Available data:
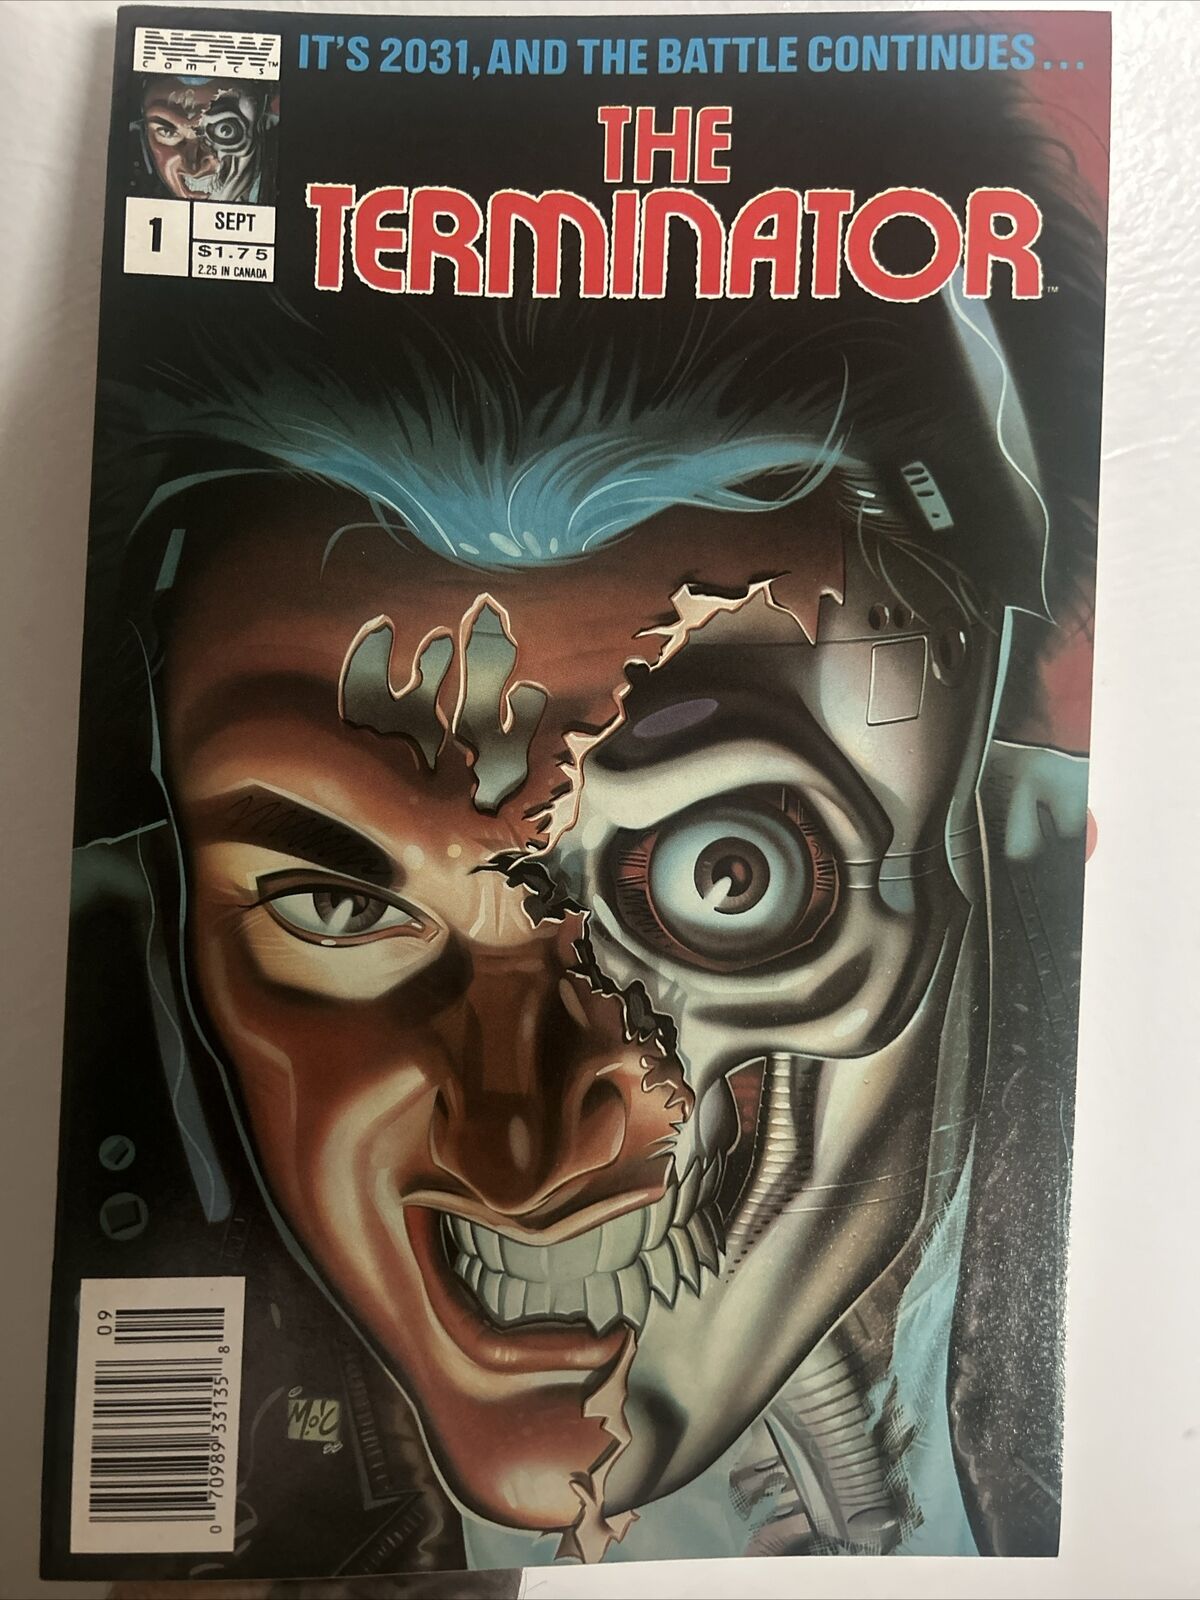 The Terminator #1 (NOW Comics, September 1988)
...
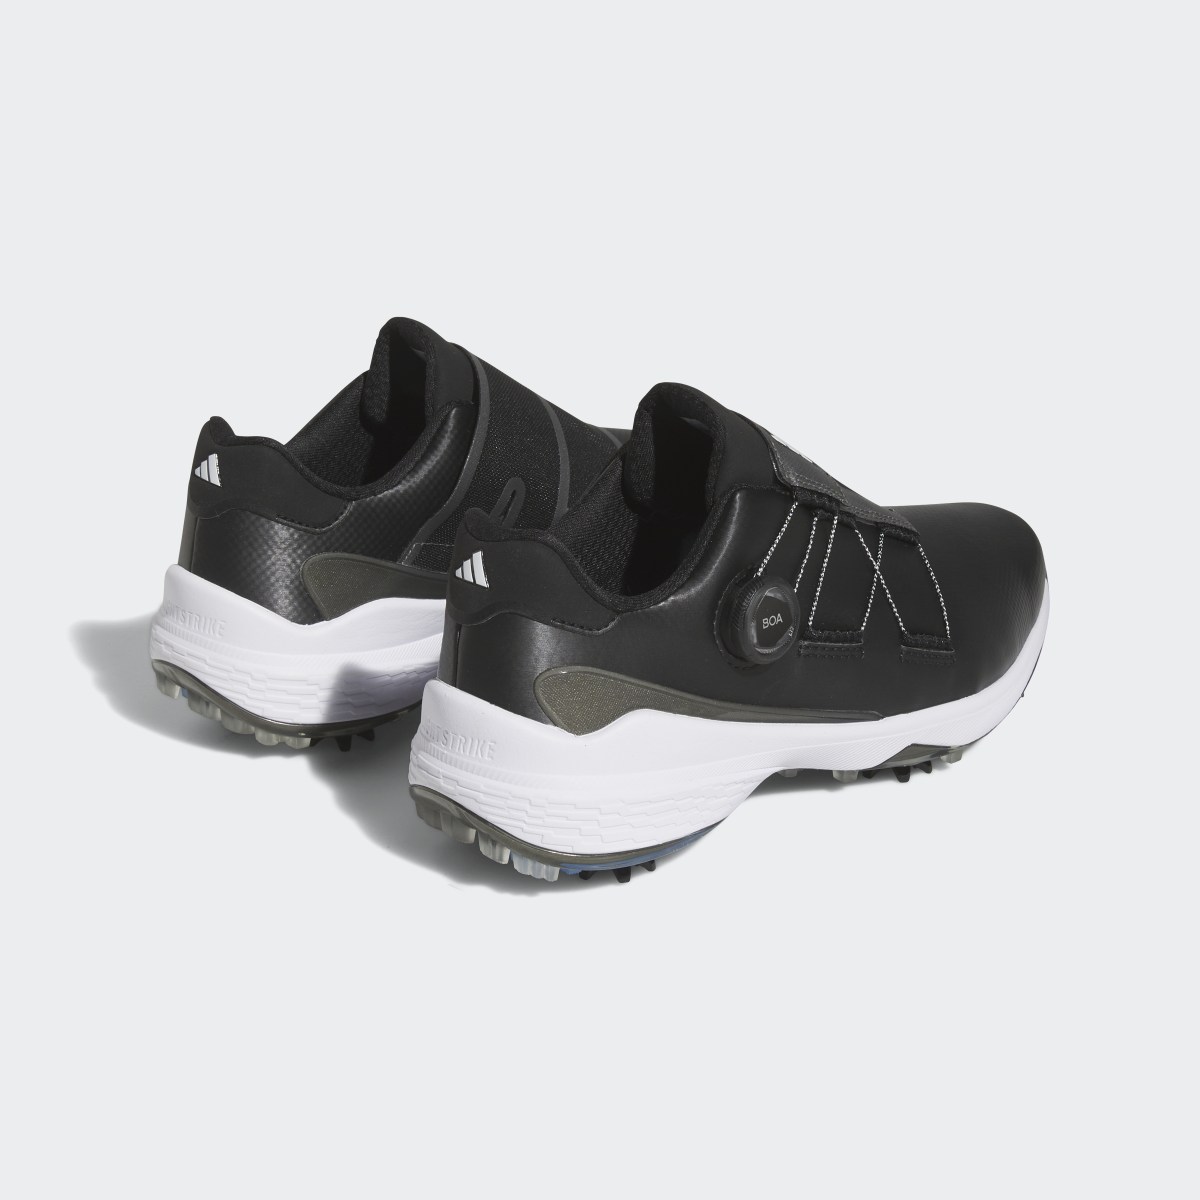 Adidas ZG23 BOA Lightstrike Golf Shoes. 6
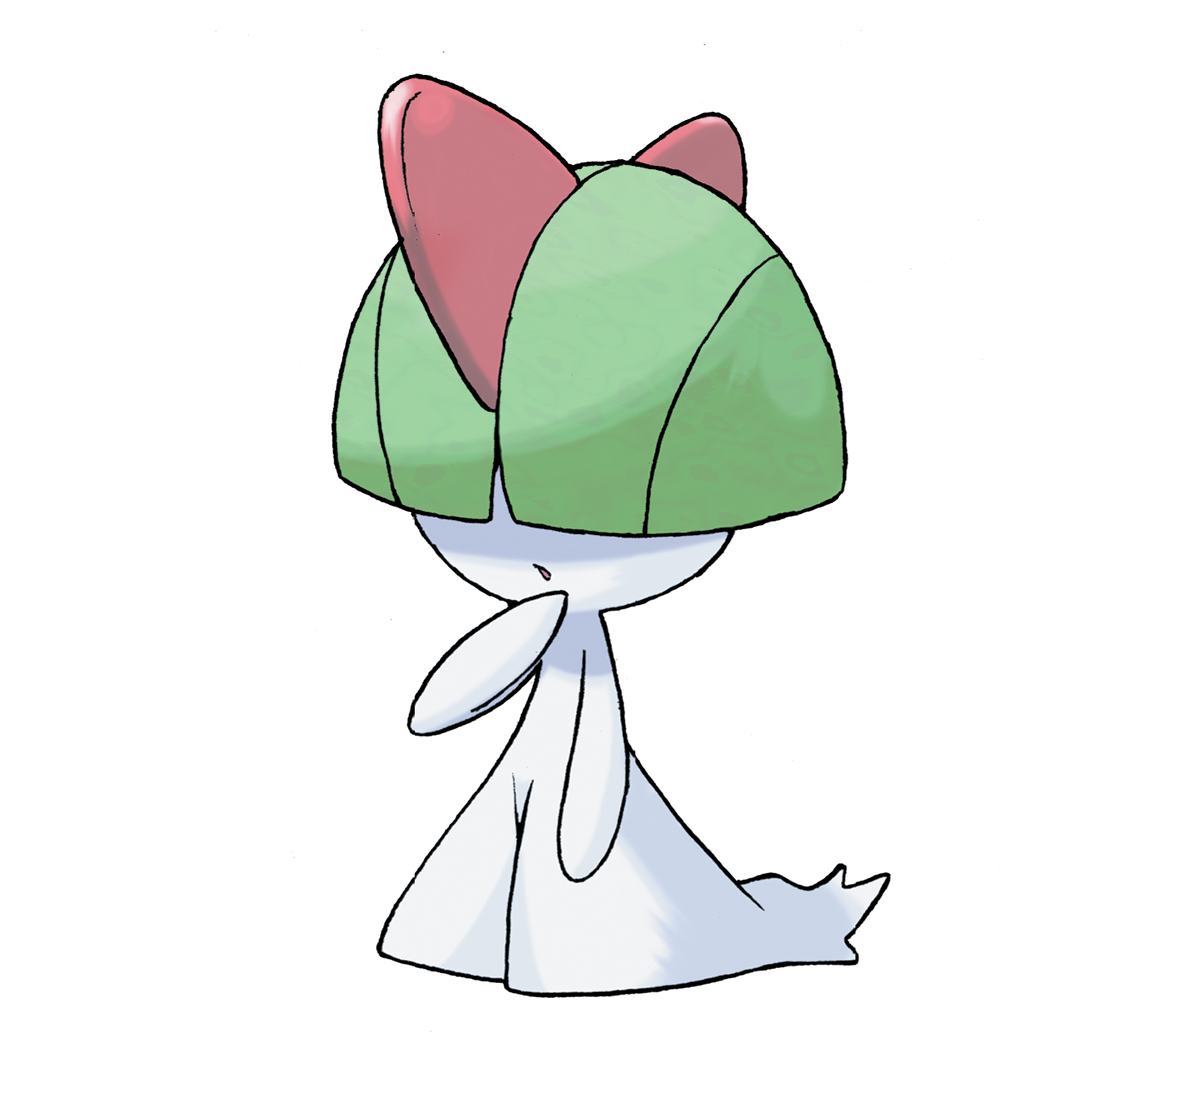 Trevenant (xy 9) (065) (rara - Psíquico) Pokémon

About this task: In the listing above, find the line with "Adidas ZG23 BOA Lightstrike Golf Shoes. 6" and output every line through the one with "Trevenant (xy 9)", exactly, without the pictures.

Exercise solution:
 Adidas ZG23 BOA Lightstrike Golf Shoes. 6
 Trevenant (xy 9) (065) (rara - Psíquico) Pokémon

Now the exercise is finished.